*** Begin section ***

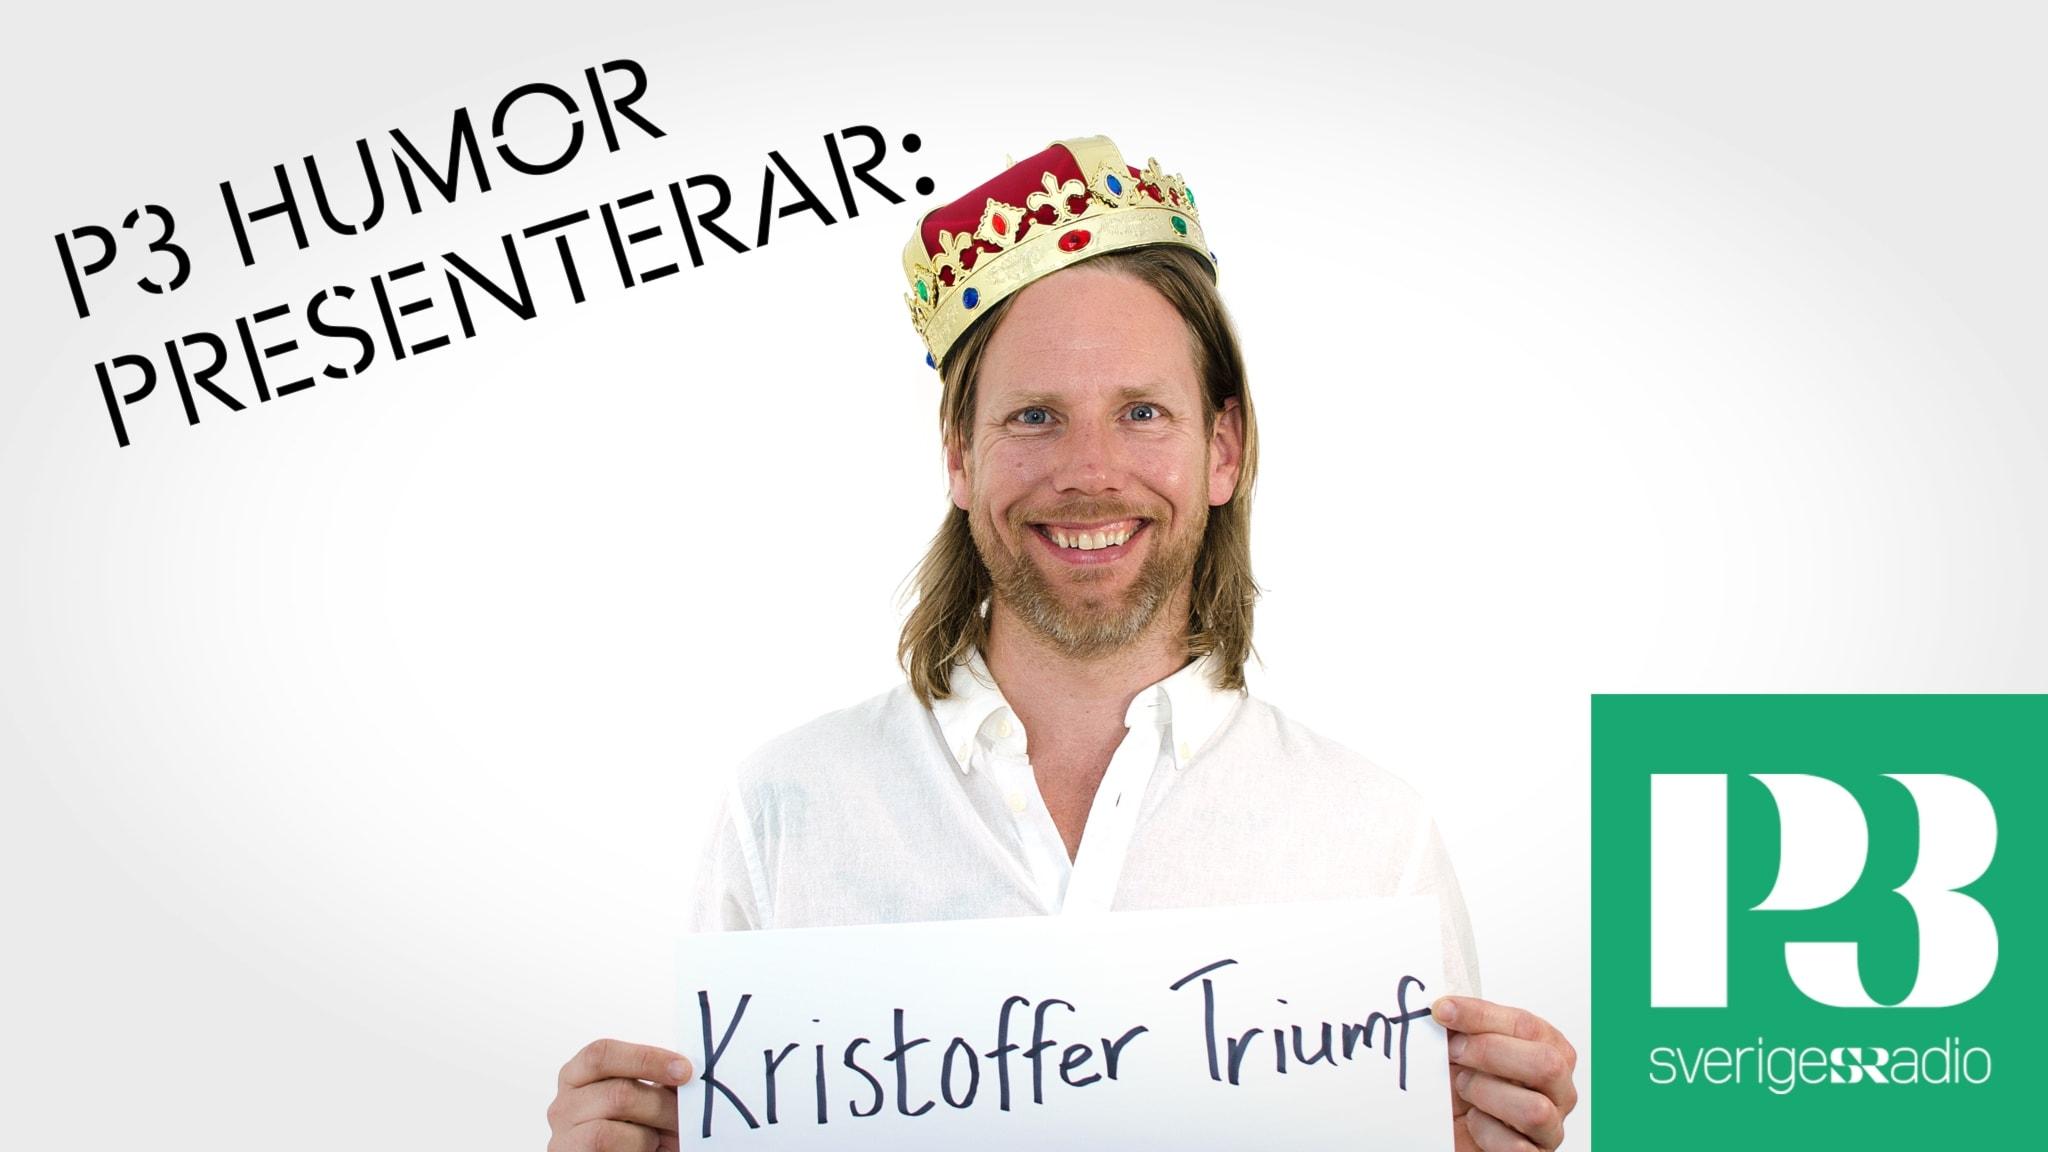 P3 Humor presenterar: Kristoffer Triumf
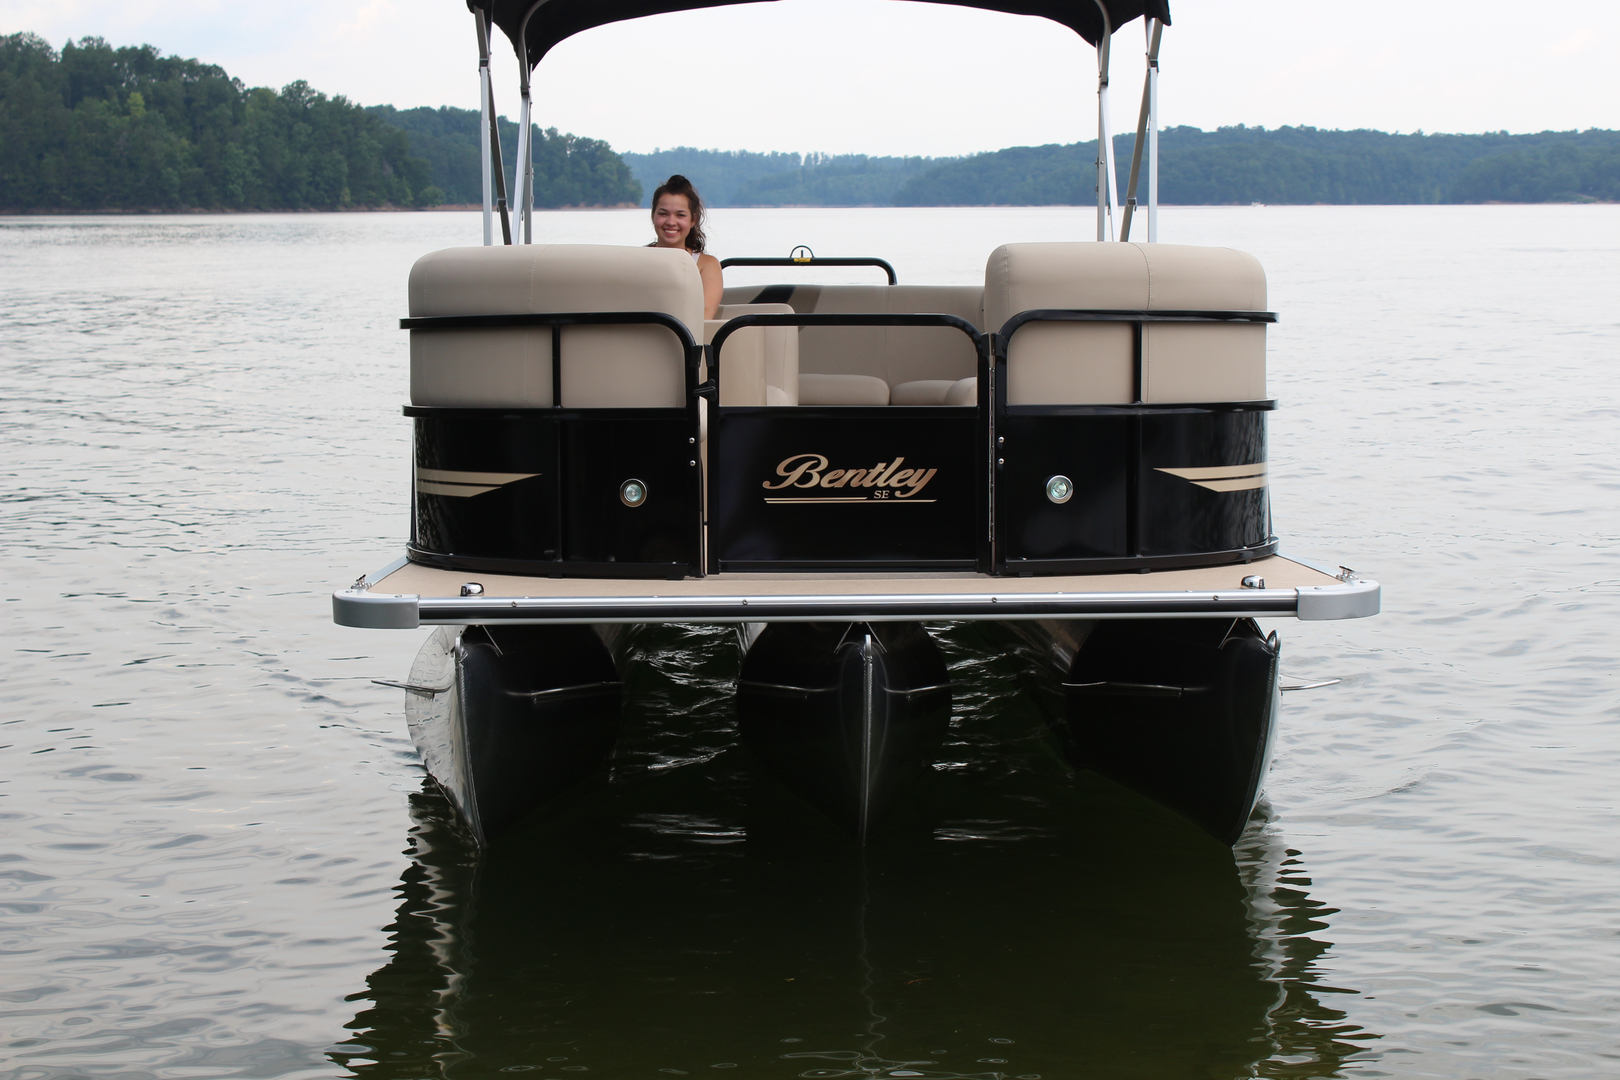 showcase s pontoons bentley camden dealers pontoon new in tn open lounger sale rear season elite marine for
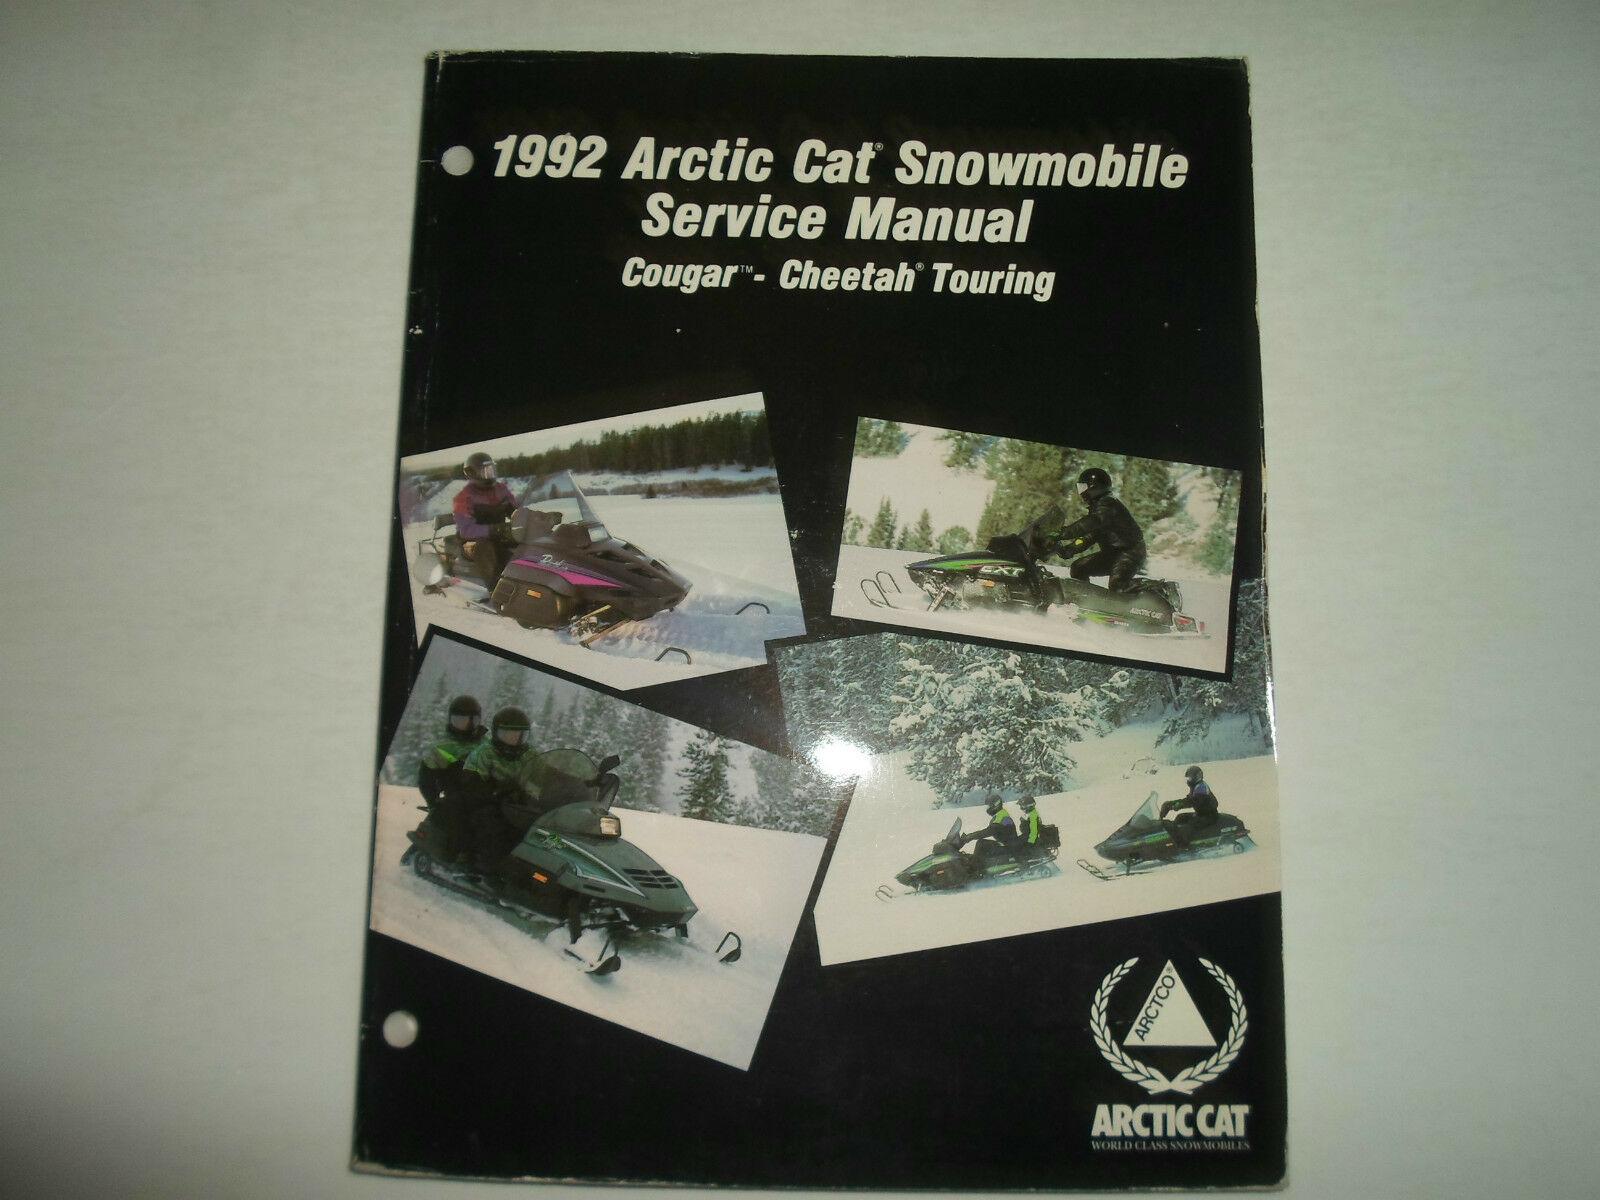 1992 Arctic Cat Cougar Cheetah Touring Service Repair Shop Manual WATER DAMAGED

*** End section ***

### WHAT NEEDS TO BE DONE
Transcribe the full listing above exactly, with the images removed.

### ANSWER TO THIS PROBLEM
 P3 Humor presenterar: Kristoffer Triumf
 showcase s pontoons bentley camden dealers pontoon new in tn open lounger sale rear season elite marine for
 1992 Arctic Cat Cougar Cheetah Touring Service Repair Shop Manual WATER DAMAGED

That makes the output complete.